TASK TO COMPLETE:
From the first line to the last, transcribe the data exactly and skip the pictures.

DATASET SECTION:
· · · · ·
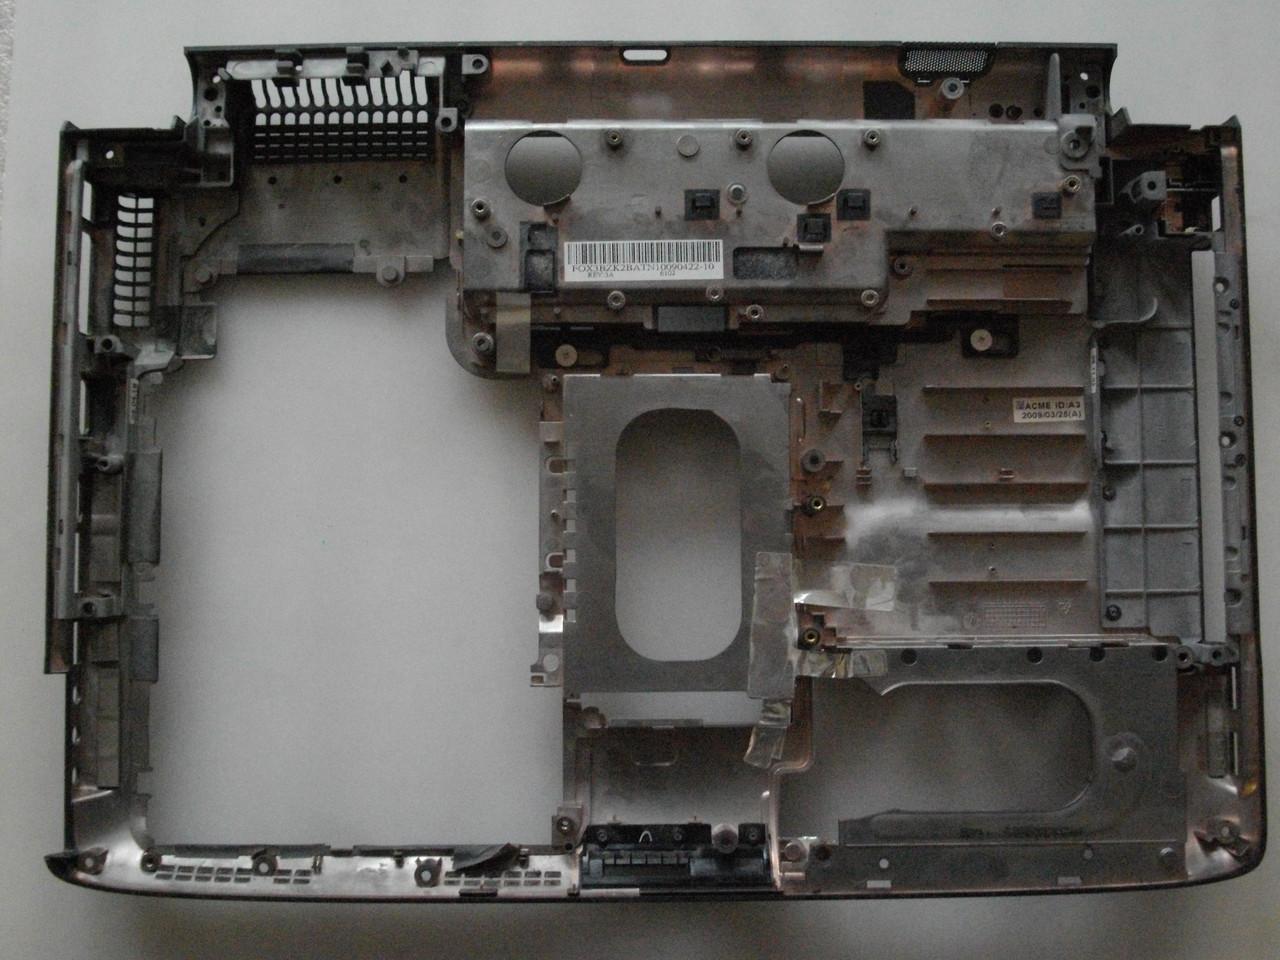 Корпус низ Нижня частина корпусу Acer 6930, бо 6930Z
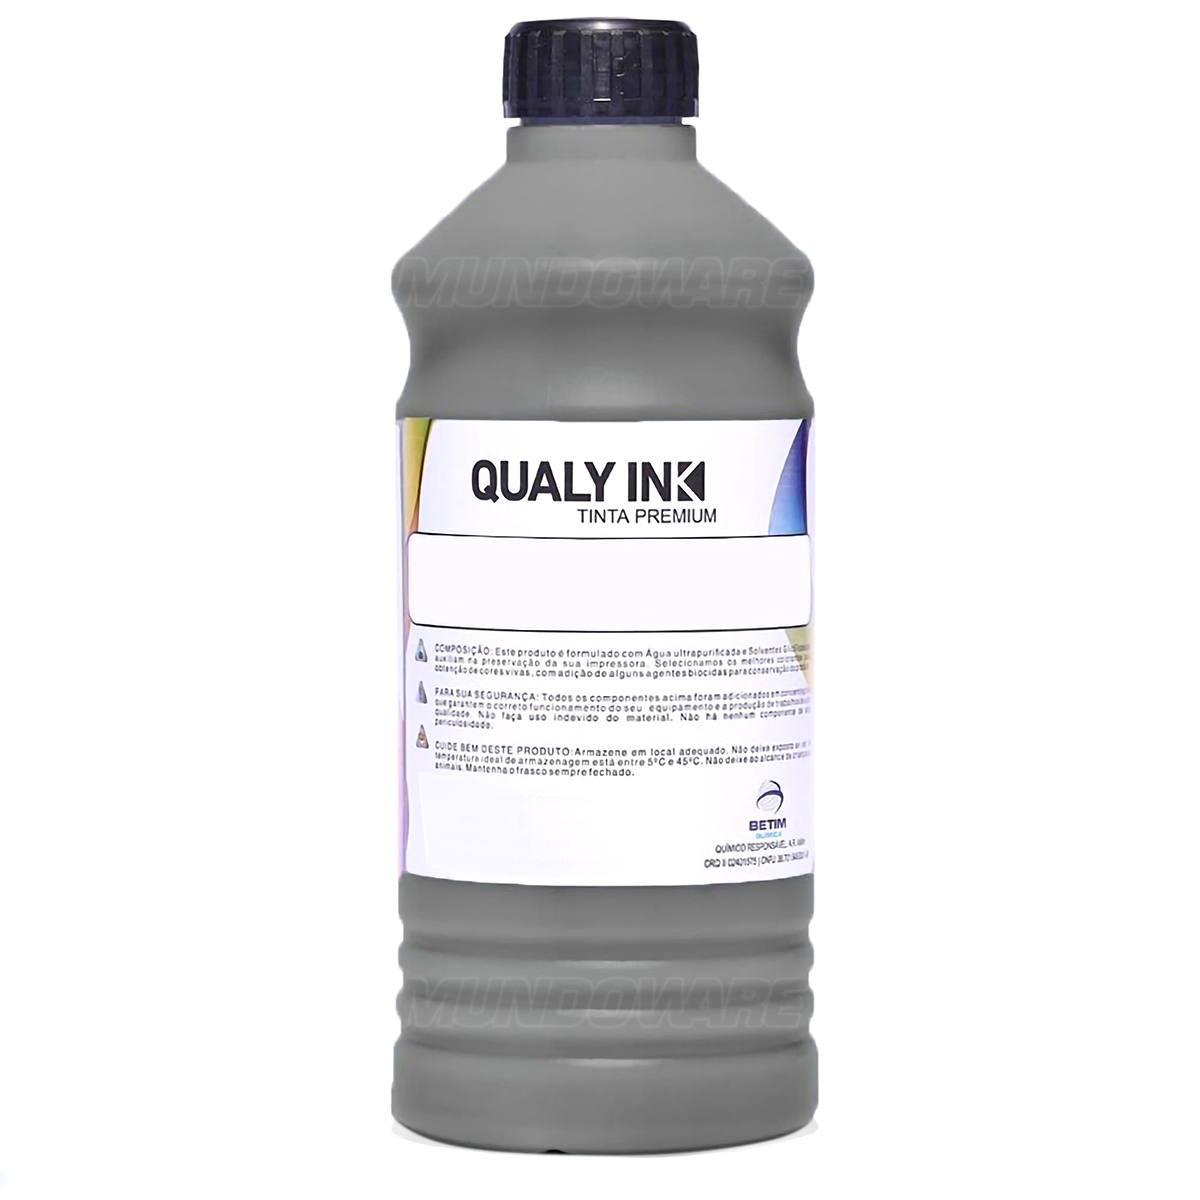 Tinta Corante Qualy-Ink para Impressora Brother MFC-J6710dw J6520dw J6720dw J6920dw 6490cw 6890cdw Preto Refil 1L
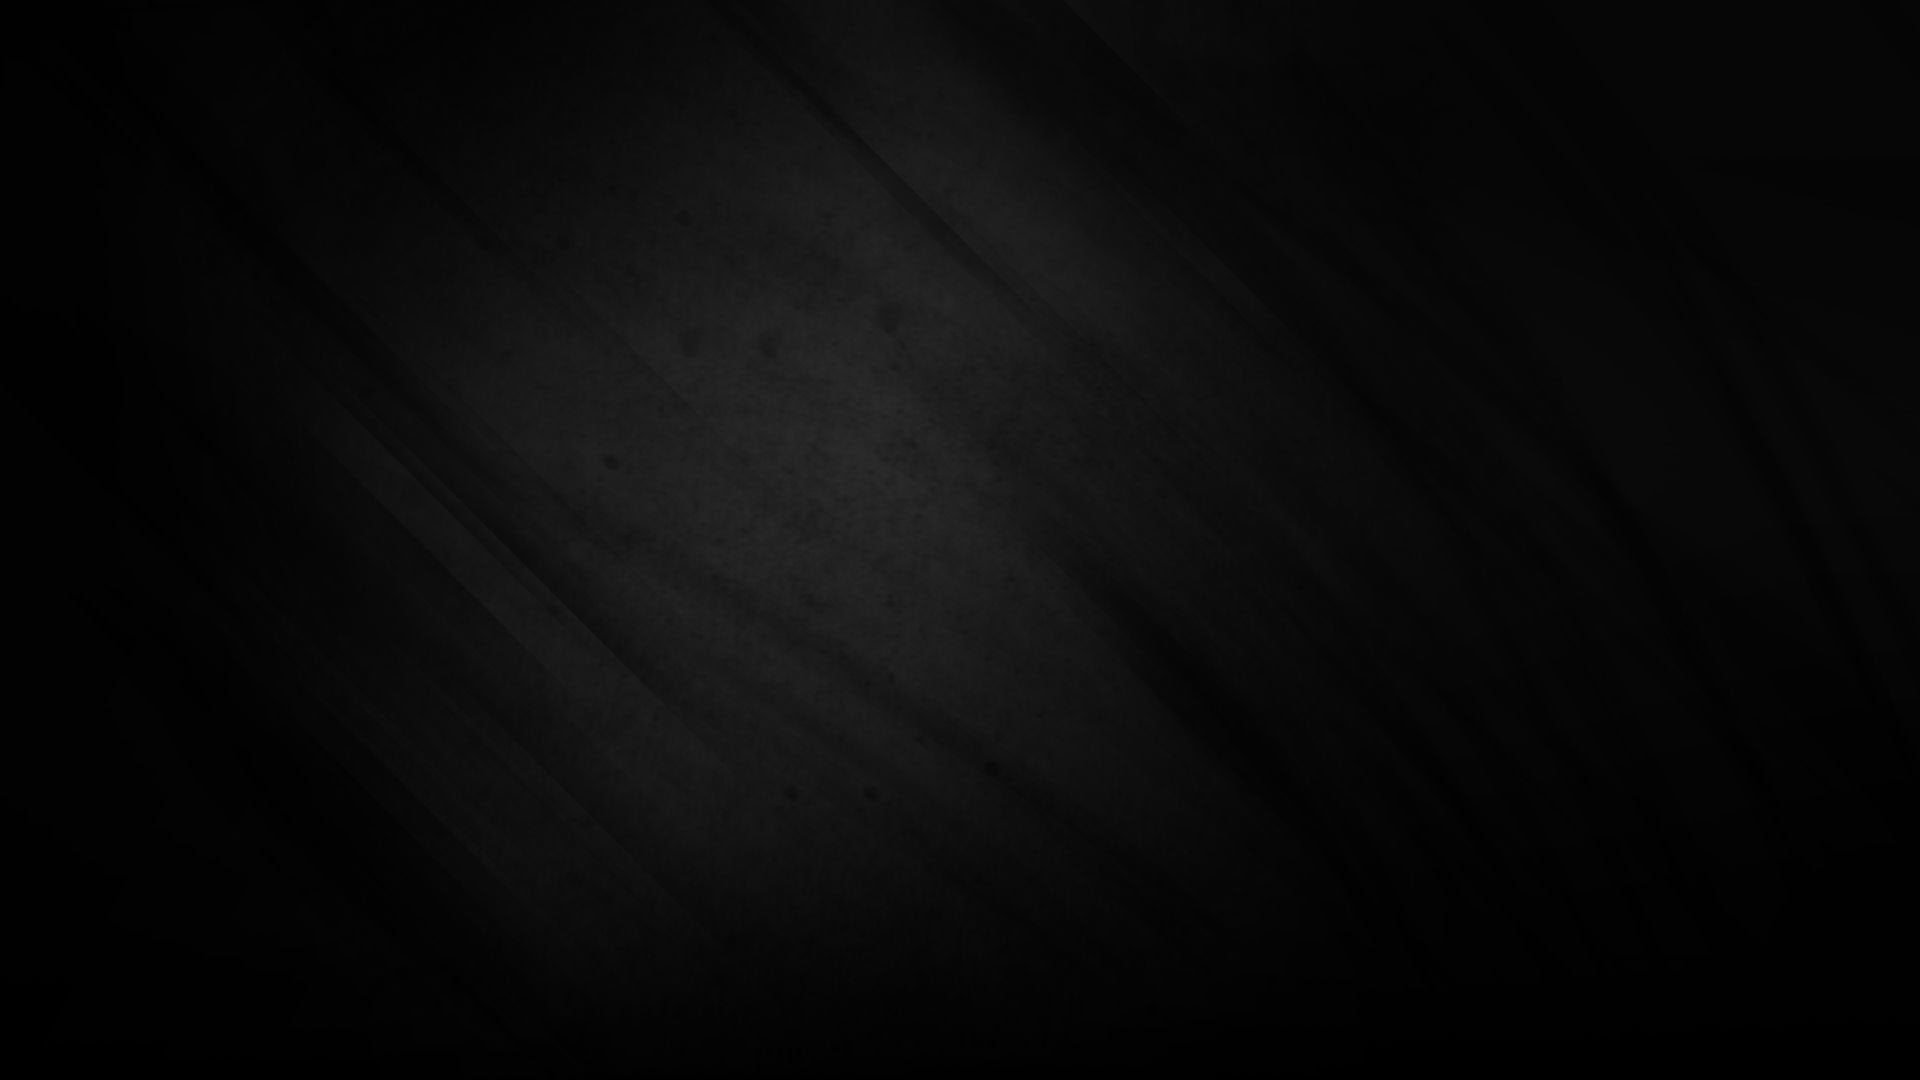 Dark Black Hd Background Artistic Joyful
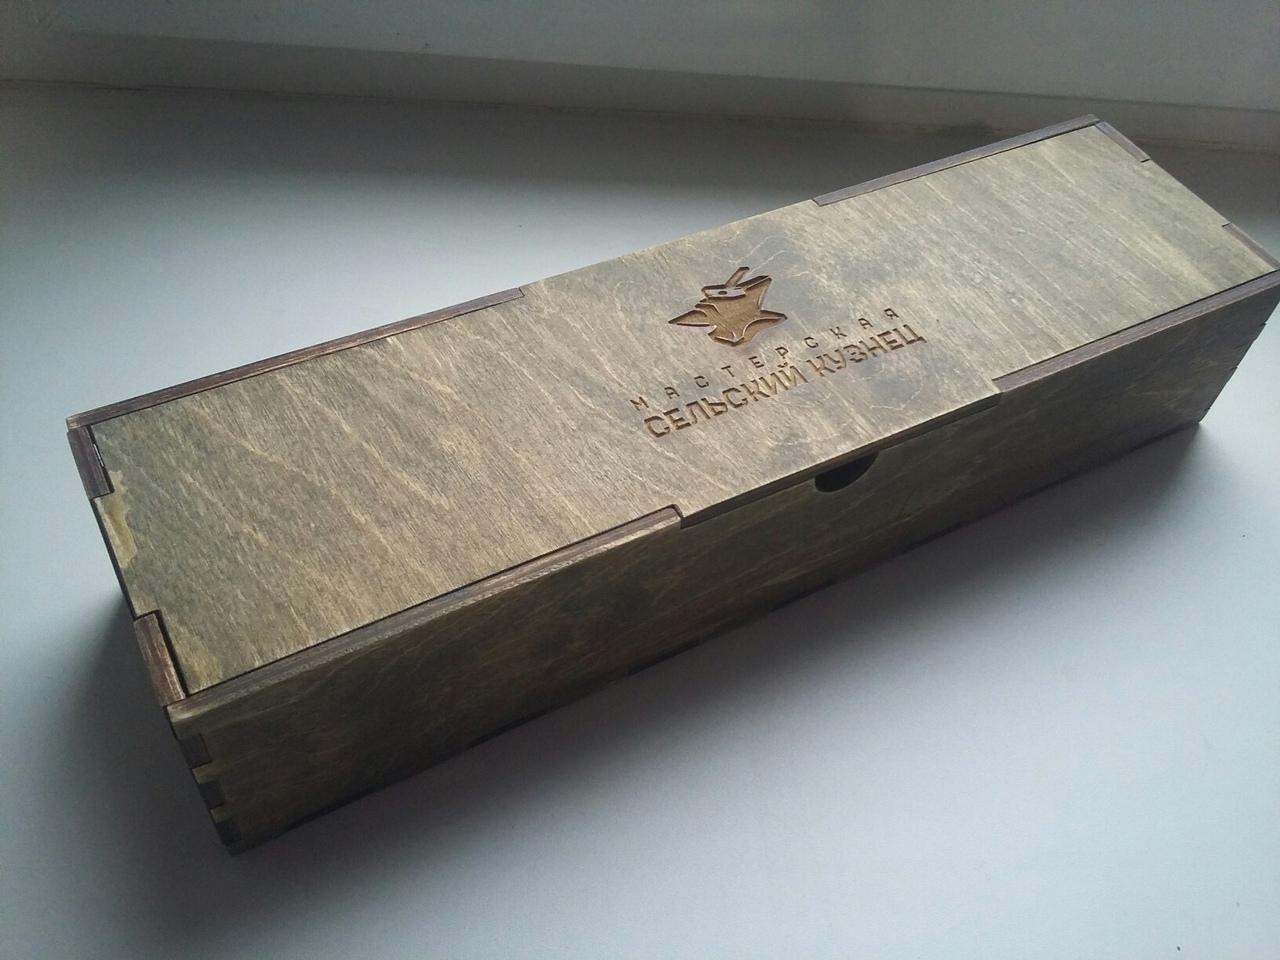 Laser Cut Wooden Knife Box Free Vector
· · · · ·
ANSWER:
 Корпус низ Нижня частина корпусу Acer 6930, бо 6930Z
 Tinta Corante Qualy-Ink para Impressora Brother MFC-J6710dw J6520dw J6720dw J6920dw 6490cw 6890cdw Preto Refil 1L
 Dark Black Hd Background Artistic Joyful
 Laser Cut Wooden Knife Box Free Vector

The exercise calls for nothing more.